Rose Cooper (Reese Witherspoon) is a by the number police officer with a bit of a problem. She’s a bit TOO by the numbers. Daughter of a famous police officer in Texas, she strives to fill those big shoes and ends up getting herself in trouble by trying just a bit too hard. Stuck on desk duty for accidentally tasering the mayor’s son, Cooper is let out for the day when she’s required to act as a female escort for the wife of a federal witness against drug lord Vicente Cortez (Joaquin Cosio). Things get out of control when her U.S. Marshall partner gets shot by masked invaders along with the federal witness, leaving Cooper to take Miss Daniella Riva (Sophia Vergara) into the precinct to testify in her husband’s place. Mix in a couple of dirty cops and the two women are running for their life as fast as they can.

Along the way the two have to get rid of the cops following them, and somehow get back to Cooper’s home office and clear everything up. Along the way the two women got on each other’s nerves as well as form a sort of tentative female bond. Getting shot at by dirty cops, evading the Columbian cartel members AND meeting a hunky felon who doesn’t mind an over bearing as well. I mean, it all seems perfect, until Cooper finds out that Mrs. Riva has a few tricks up her own sleeve and a few dirty secrets that may change their friendship, as well as her lifespan, forever.

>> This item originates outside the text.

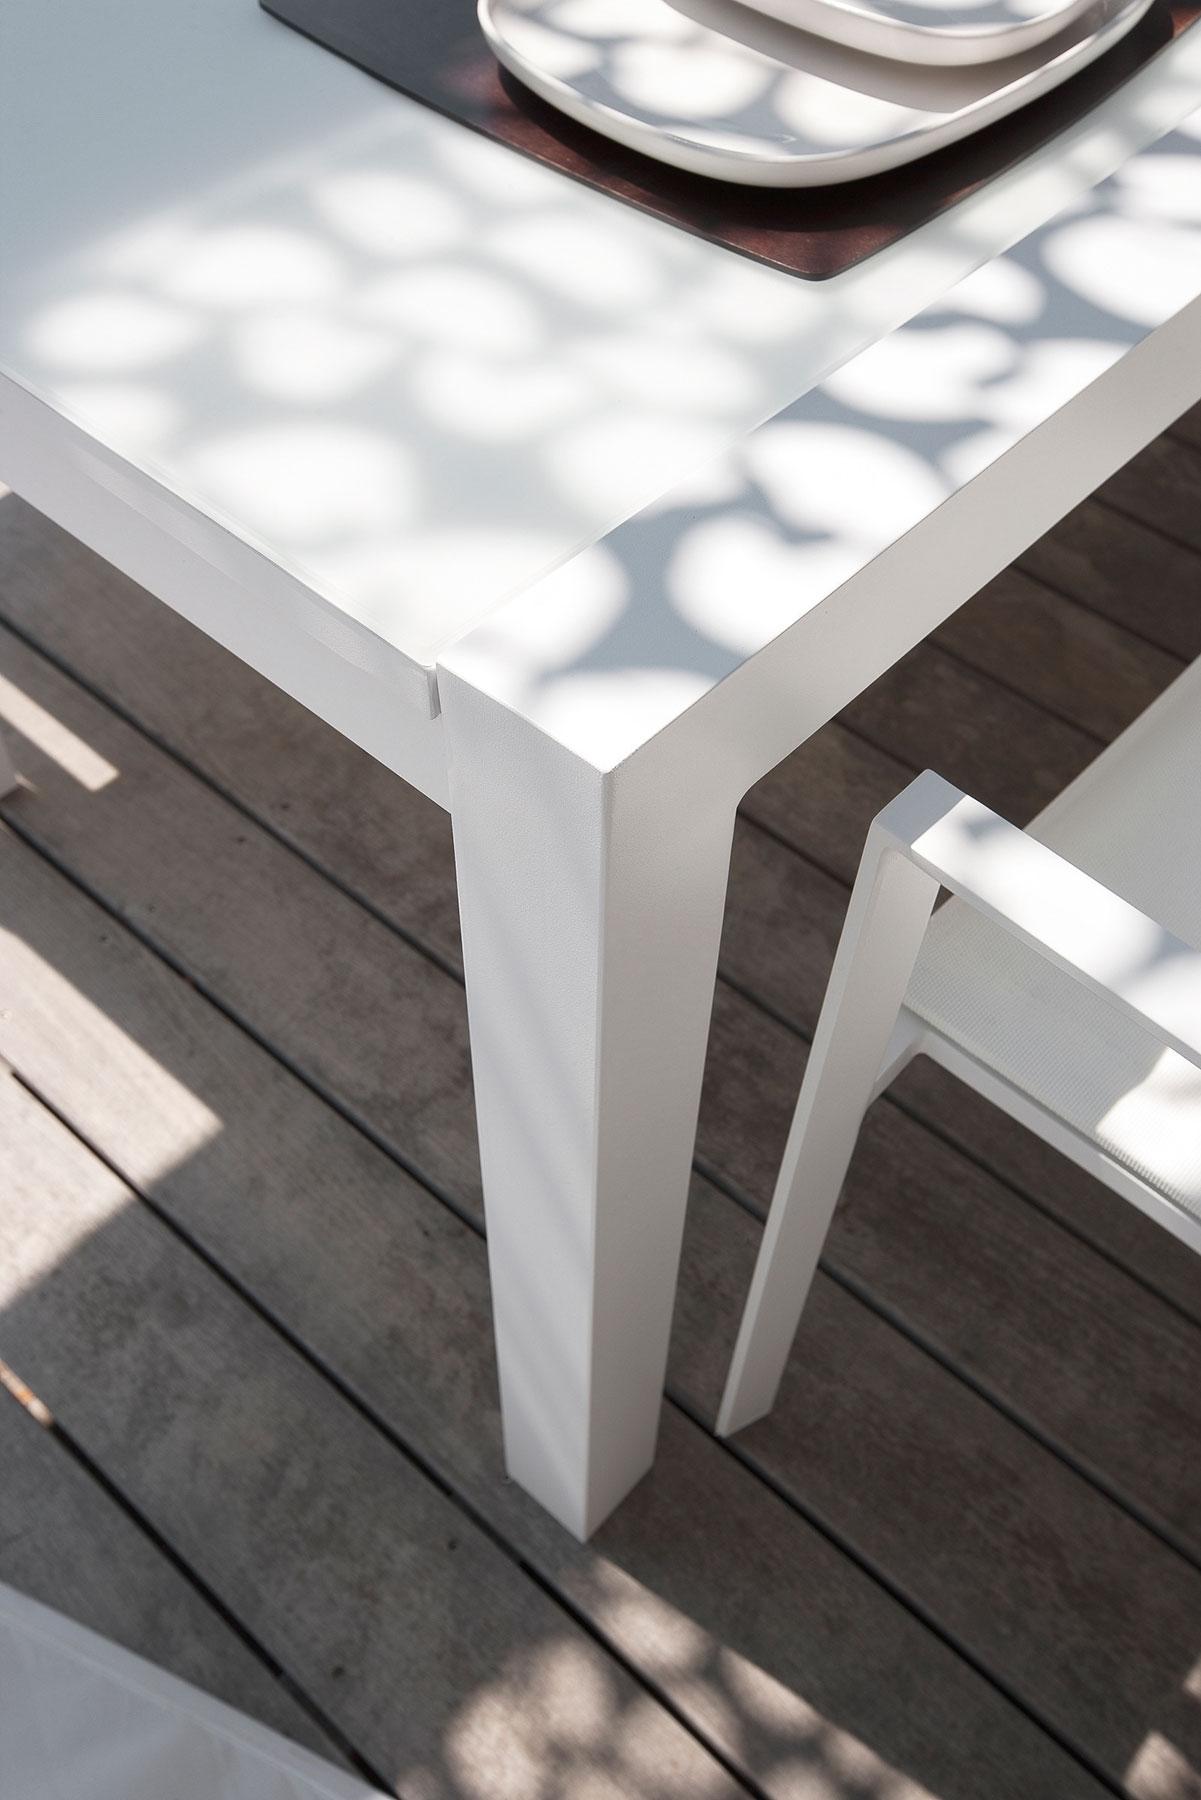 Sense Patio Extendable Table Outdoor Furniture Shop Online

[img]http://www.hometheatershack.com/gallery/file.php?n=51137[/img]“Hot Pursuit” just REEKS of mediocrity. We’ve seen everything done before in a million buddy films. Cooper is the good cop with a penchant for following all the rules. She doesn’t have the greatest love life due to her overbearing cop nature, and she’s made fun of by the rest of the police force. This mission is her moment to shine, but chaos happening doesn’t exactly give her a shining gold star. Daniella Riva is the gorgeous (and I do mean gorgeous) Latina bombshell who has looks like a tube of toothpaste that’s been squeezed in all the right places. She’s catty, she’s the polar opposite of the 5 foot 1 inch Reese Witherspoon (especially when wearing 4 inch stilettos) and fights against the rookie cop tooth and nail. 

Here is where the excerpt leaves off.